Компания подходила к деревне. Колокол перестал звонить, последние жители торопились забежать внутрь. Странники прошагали мимо закладки для сарая, которая представляла собой прямоугольную яму с полом из утоптанной глины. Над ямой поднимались ребра каркаса из ошкуренных бревнышек подлиннее и потоньше, образуя двускатную пирамиду. Конструкция по большей части собиралась на веревках и деревянных шипах, однако применялись и железные гвозди со шляпками. Увидев это, Кадфаль уважительно цыкнул зубом и пробормотал, что, видать, не соврал городской Шапуй, деревня впрямь богатая — железо тратят, не считая.

На высоких стойках сохли примитивные рыболовные снасти для ловли мелочи в неглубокой воде — здоровенные рамы с частыми сетками. Ветер нес оглушительный запах навоза, от которого едва глаза не слезились. Очевидно, селяне с размахом выращивали свиней, наверняка для продажи, не зря же бытовала поговорка «город ест свинью, село — говядину».

— Хитрожопые, — весело хмыкнул Кадфаль. Бьярн изобразил немой вопрос, и бывший крестьянин ткнул пальцем сначала в рыболовные рамы, затем покрутил в воздухе, будто наматывая ядовитый запах свиного дерьма. И объяснил. — Свиней кормят рыбой. Они с такого харча жир набирают, как через трубочку надутые.

— А! — просветлел страшным ликом рыцарь-искупитель. — Слышал про такое. Хитрожопые, да. Но смелые. За подобные фокусы посредь базарной площади пальцы отрубают начисто.

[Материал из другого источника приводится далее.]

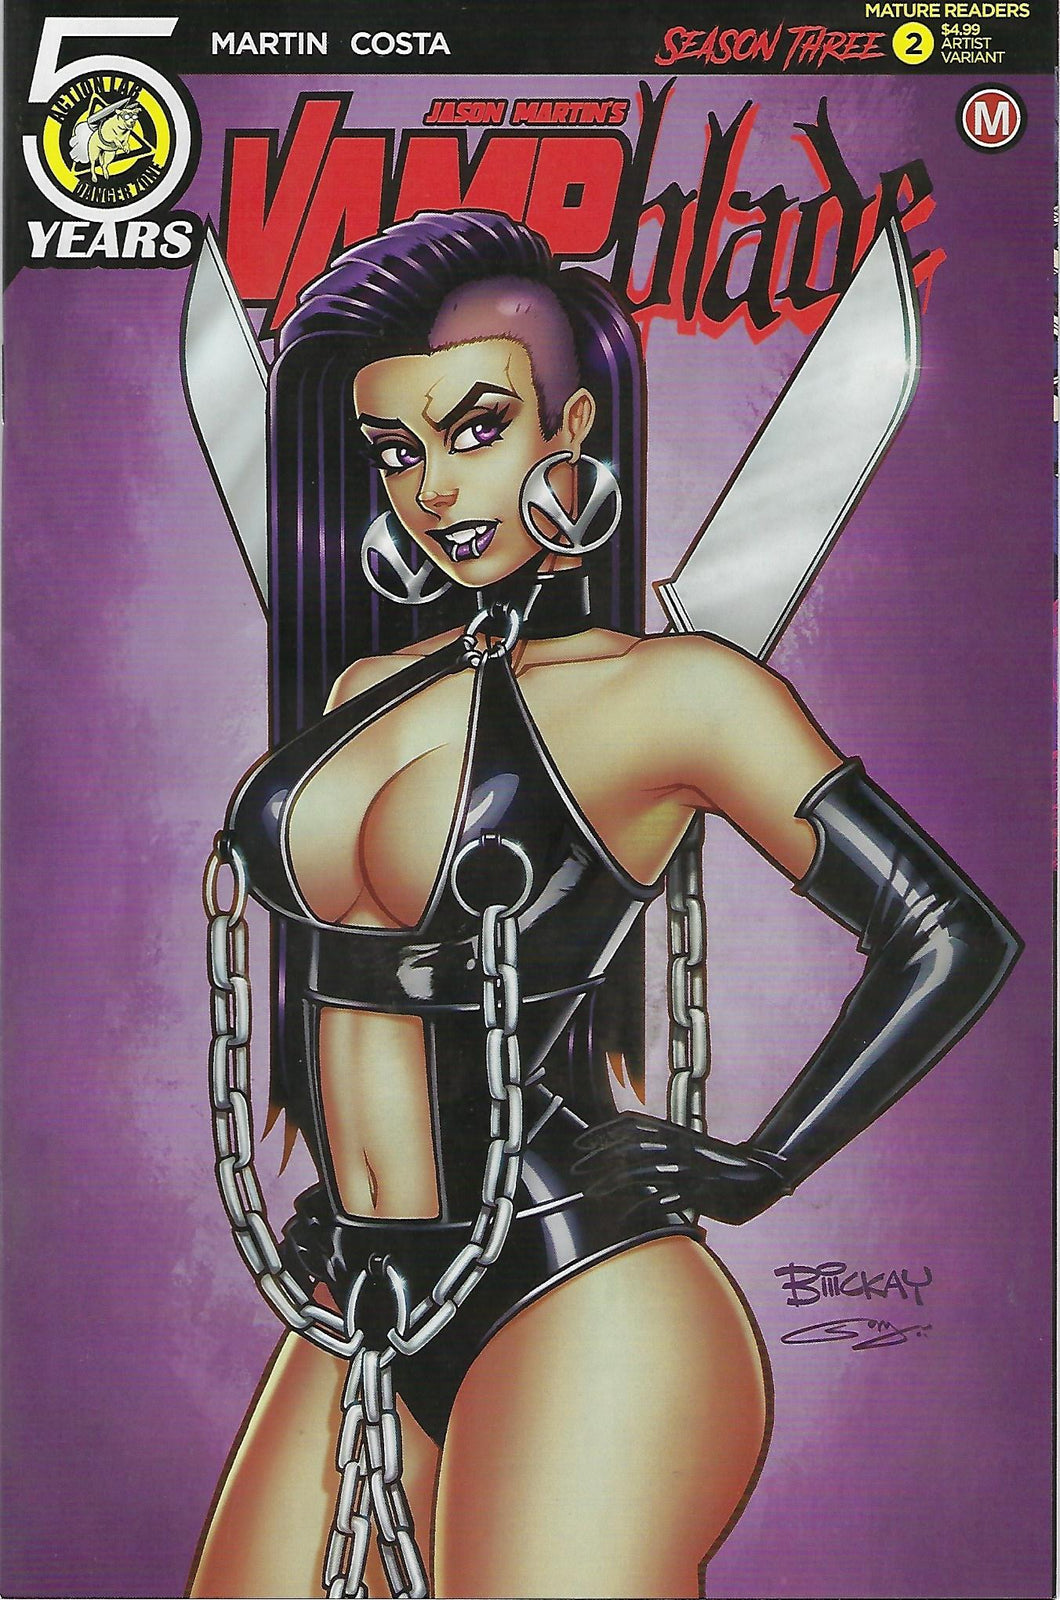 Vampblade # 2 Bill McKay Artist Variant Cover !!!  NM

Кадфаль заржал, глядя на Шапюйи, и предположил:

— Думаю, животину отсюда не гонят. Колют на месте, вялят, мясо потом загоняют фейханским торгашам. А те уж везут далече, путая следы. Верно, Шапуй?

Кондамин скривился, но промолчал, видимо искупитель попал в точку.

— Свинина вяленая. Пшеница «мягкая», овес. Полбу еще наверняка растят. Горох, бобы. Лесопилка, мукомольня, веревки тянут из крапивы, — забормотал, подсчитывая со знанием дела, Кадфаль, немного подумал и вынес решительный вердикт. — Тут не меньше тридцати золотых годового дохода.

Тридцать золотых… Гаваль наморщил лоб, прикидывая, насколько велика сумма. Если правду говорили благородные персоны, для которых он играл в королевской столице, одна эта деревня могла за год собрать в поход настоящего кавалера-латника, может быть даже с сержантом. И притом вольные арендаторы. Ясно, почему местные так боятся любых пришельцев — отщипнуть от столь богатого каравая желающие всегда найдутся.

Хель крутнула головой и жестом позвала менестреля. Гаваль хотел было изобразить возмущенную добродетель, дескать, еще свистом помани, но передумал.

— Музыка, — без прелюдий сказала женщина.

— Э… здесь?

— Именно здесь. Умные люди советуют: заходя в опасное место, где тебе не рады, пусти вперед себя добрую музыку.

Гаваль снова хотел воспротивиться и вдруг подумал: а, в самом деле, отчего бы и нет? Сколько в этой задумке было здравого смысла, а сколько желания оказаться в конце концов под крышей, в тепле и с миской горячей похлебки — неизвестно. Так или иначе, менестрель кивнул, решая, чем же он поразит слушателей.